Dataset extract:
::::::::::
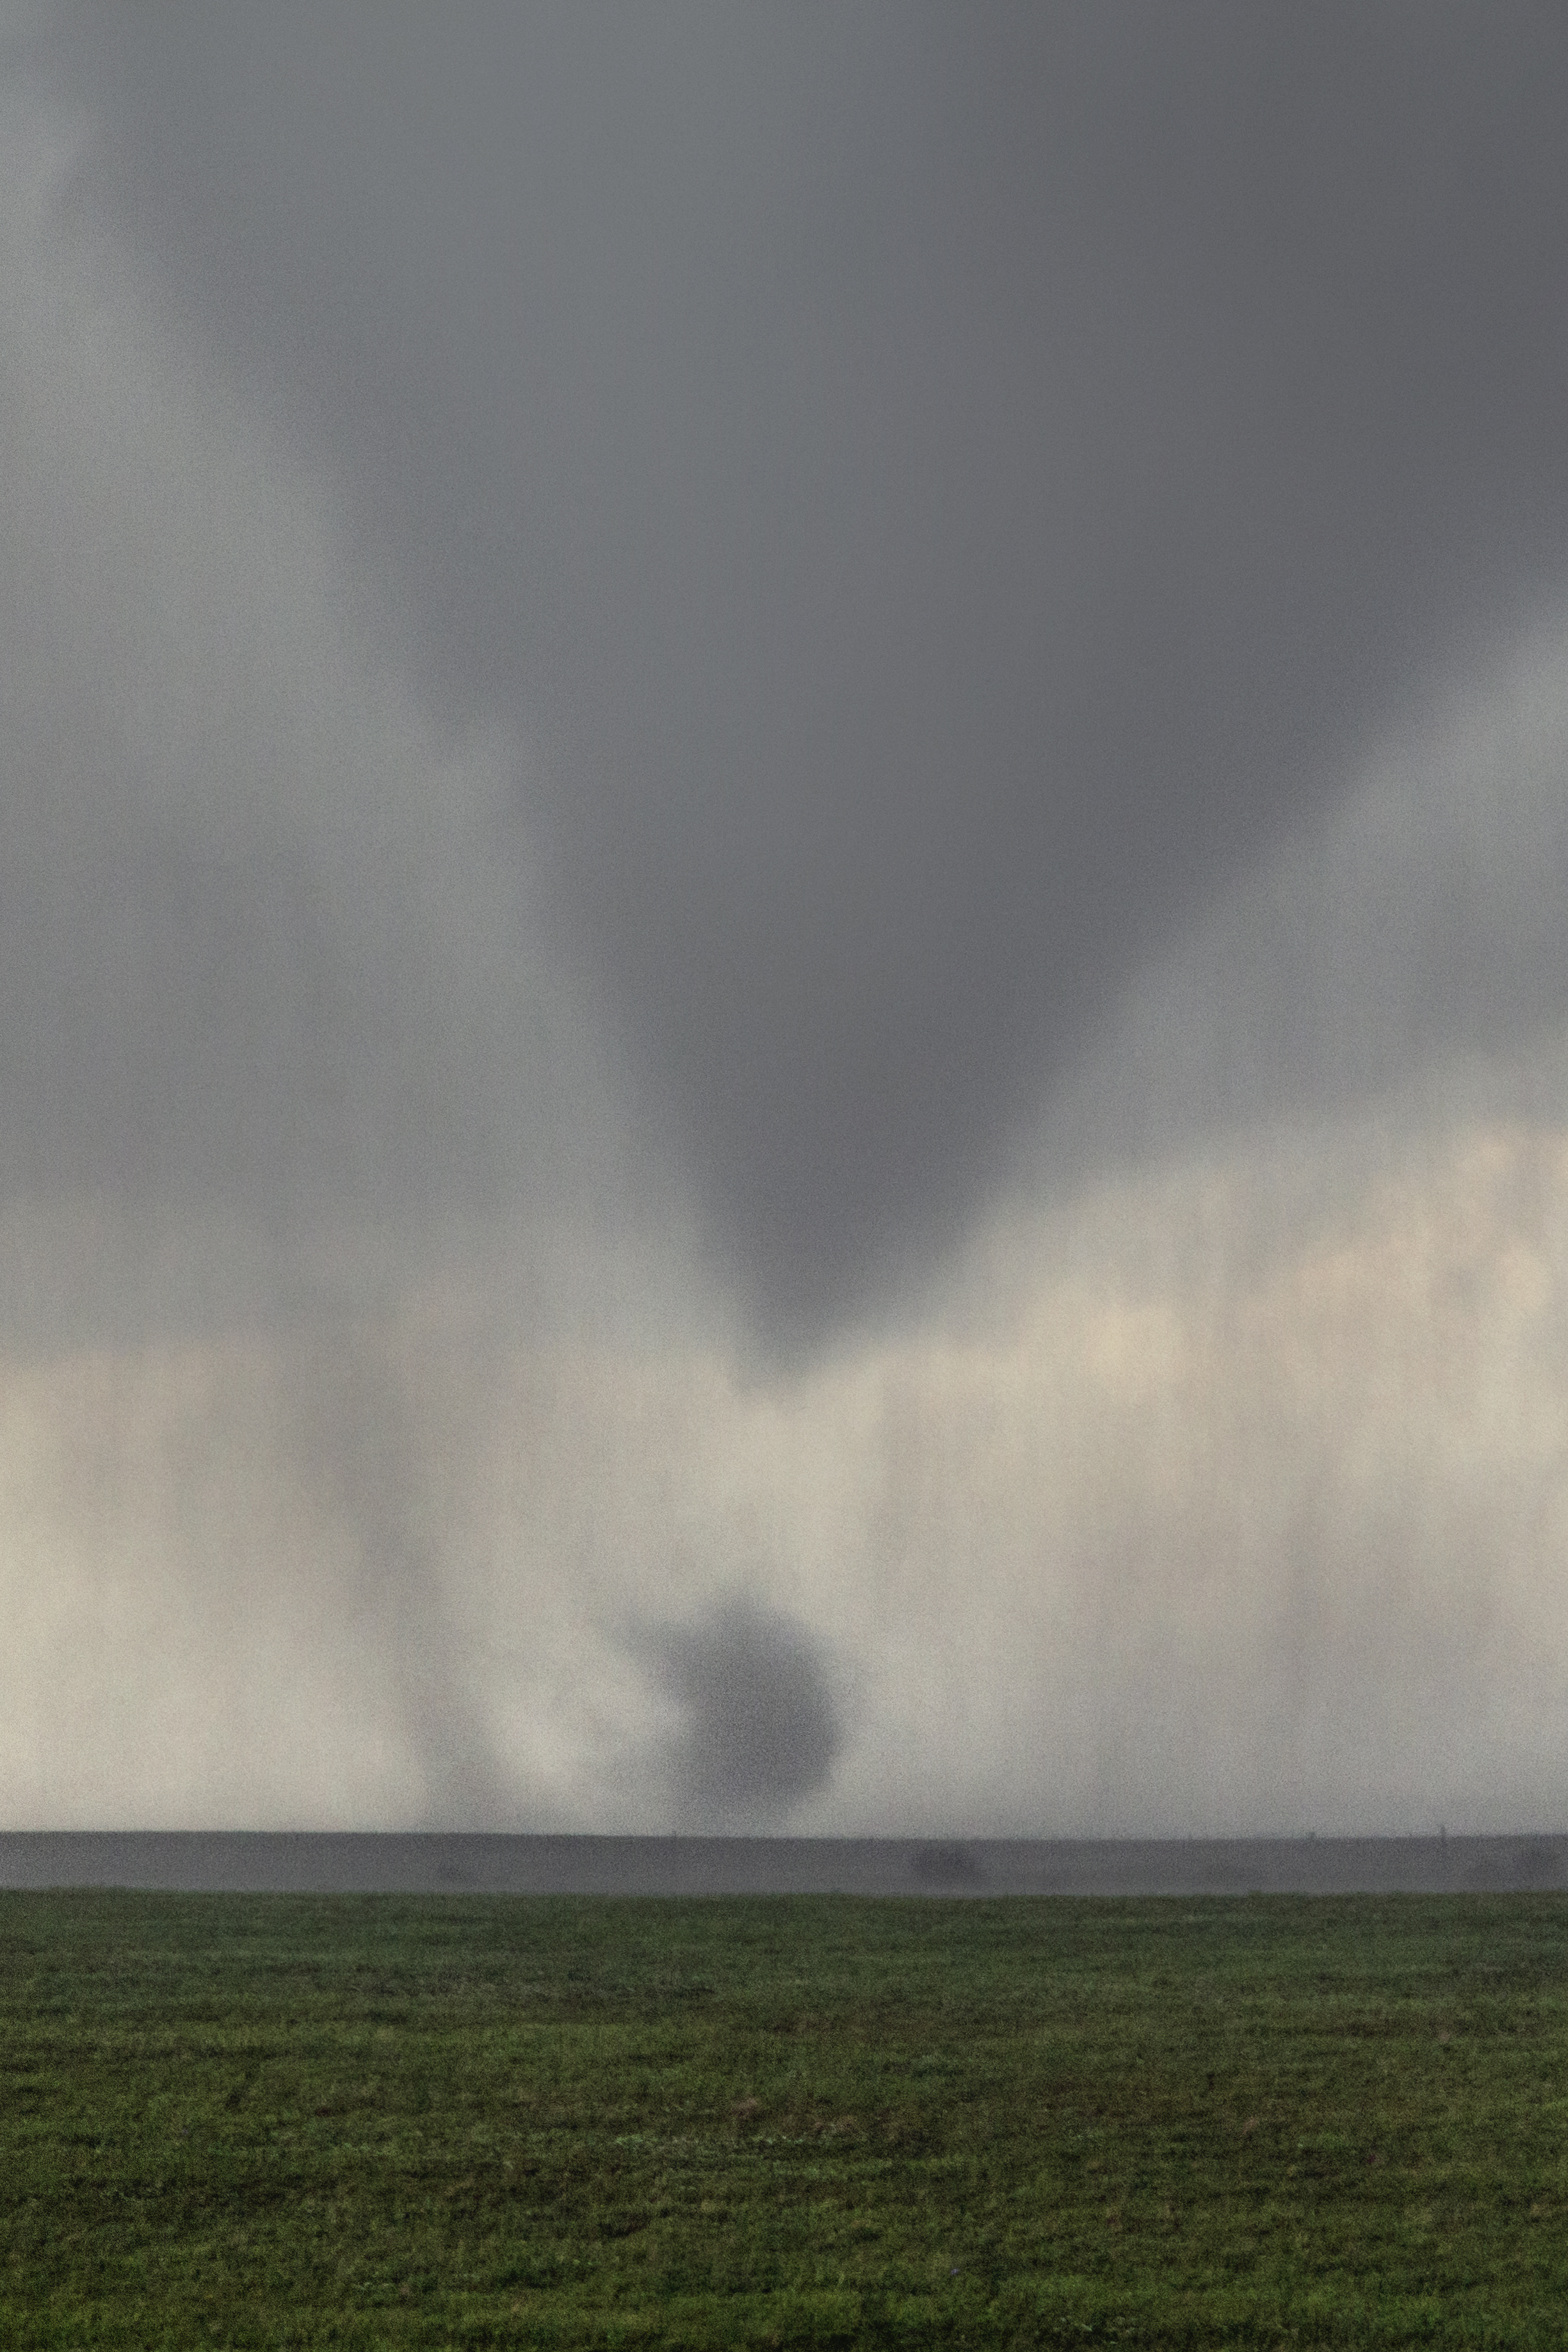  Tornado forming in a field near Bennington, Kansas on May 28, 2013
::::::::::
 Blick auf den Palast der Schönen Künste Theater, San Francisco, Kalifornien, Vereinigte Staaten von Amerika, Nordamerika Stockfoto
::::::::::
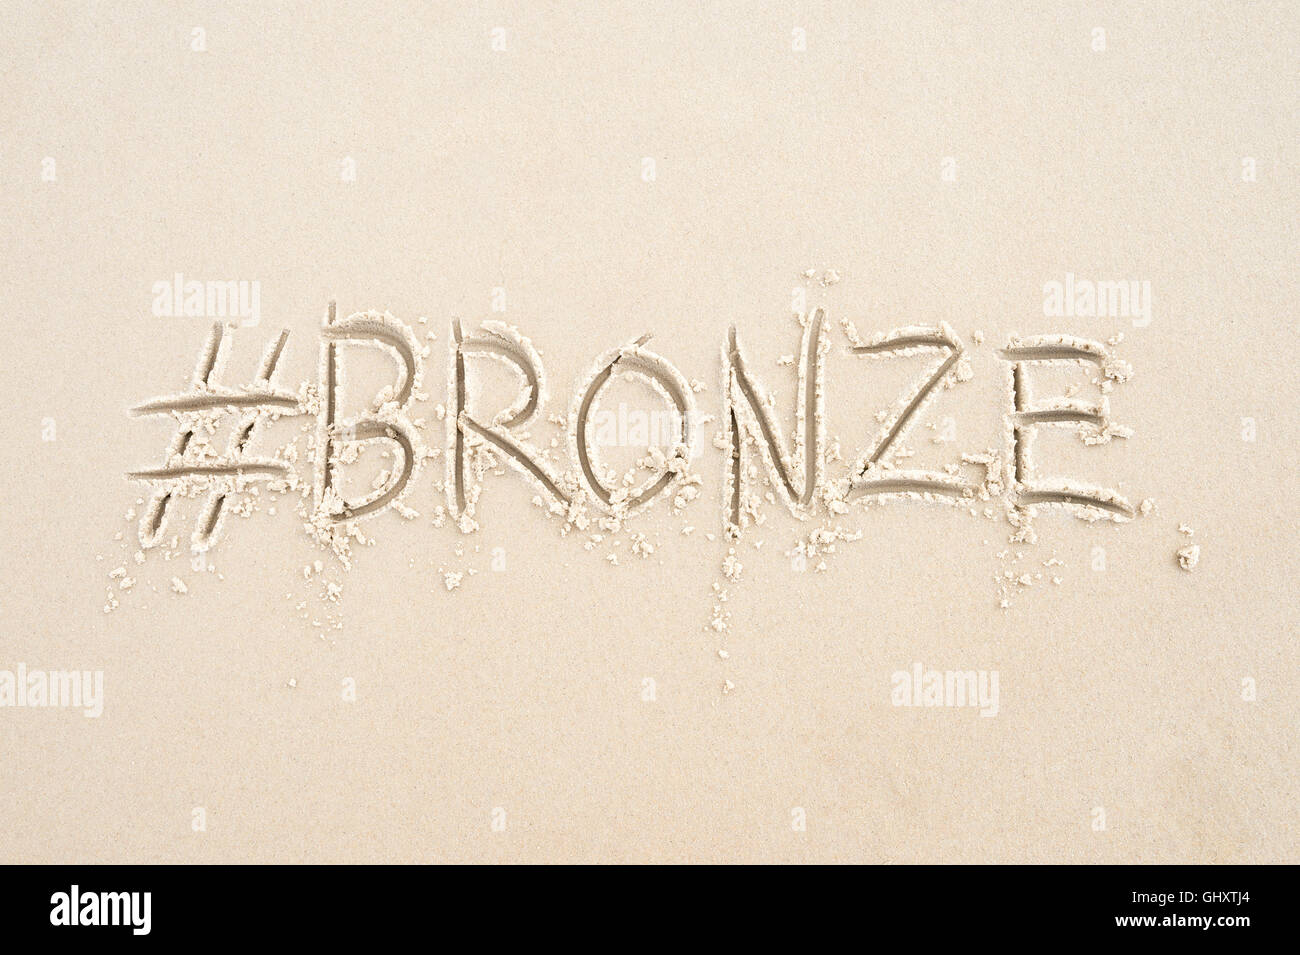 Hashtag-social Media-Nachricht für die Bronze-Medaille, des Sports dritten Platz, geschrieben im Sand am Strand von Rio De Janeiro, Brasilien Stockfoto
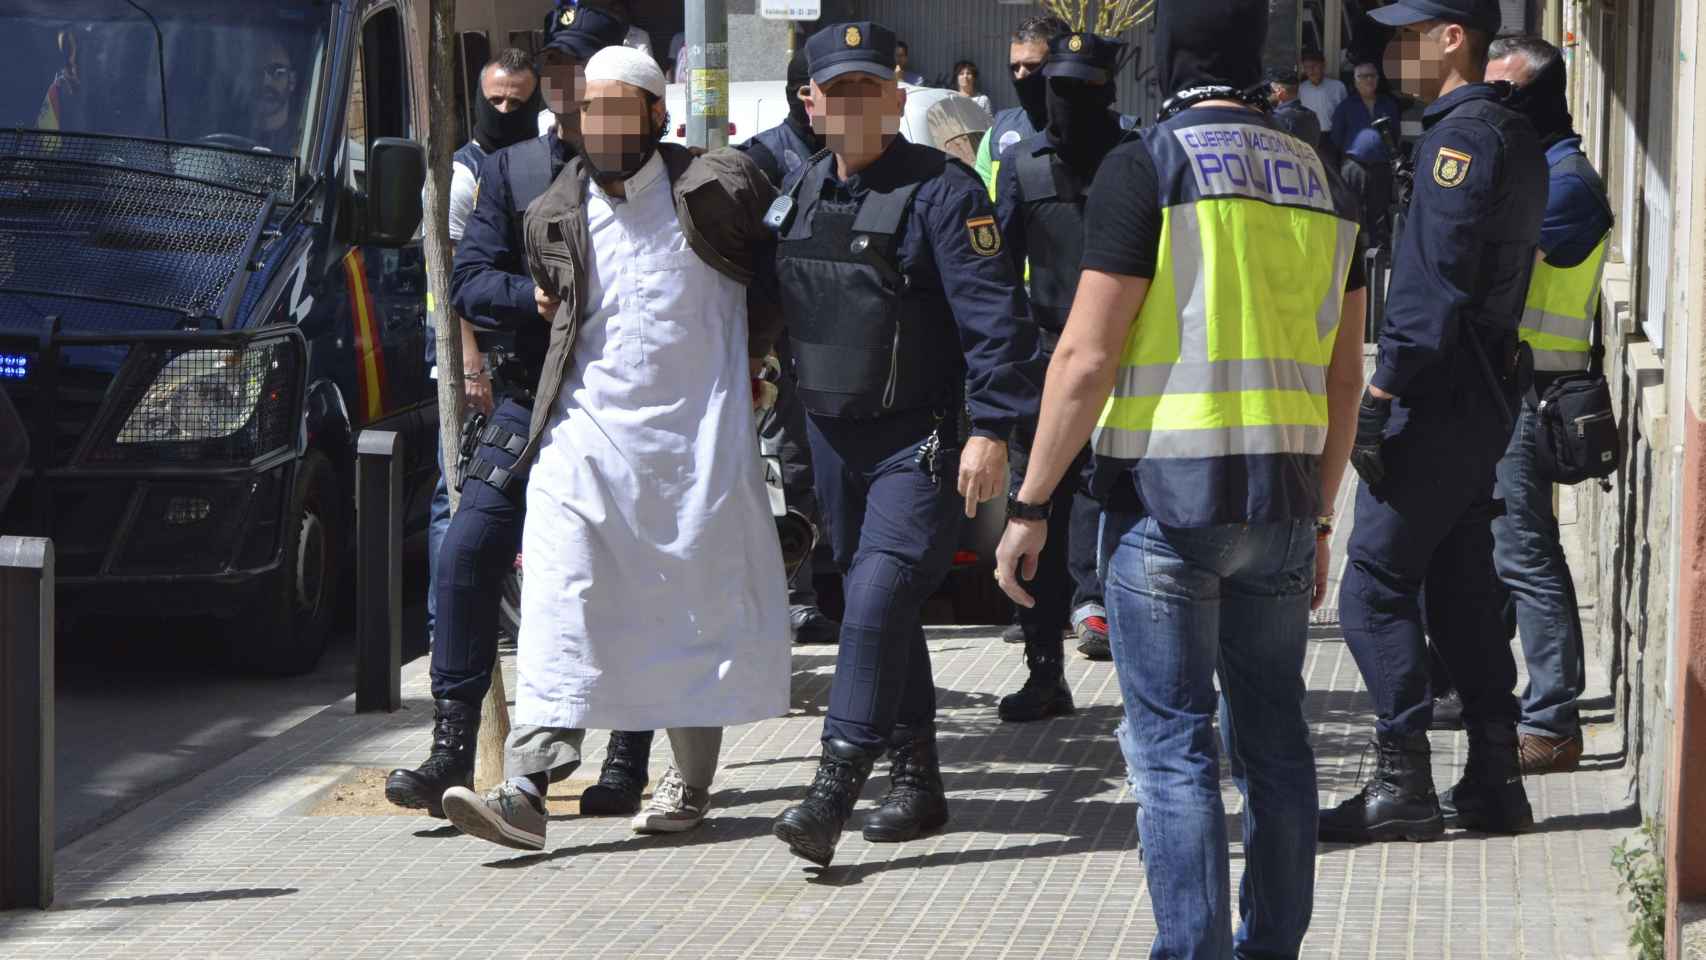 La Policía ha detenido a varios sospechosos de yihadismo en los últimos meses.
::::::::::
Try it:
Everything between and including the line above containing "Hashtag-social Media-Nachricht für" and the line containing "La Policía ha" should be reproduced exactly, with pictures excluded.

Output of the exercise:
 Hashtag-social Media-Nachricht für die Bronze-Medaille, des Sports dritten Platz, geschrieben im Sand am Strand von Rio De Janeiro, Brasilien Stockfoto
 La Policía ha detenido a varios sospechosos de yihadismo en los últimos meses.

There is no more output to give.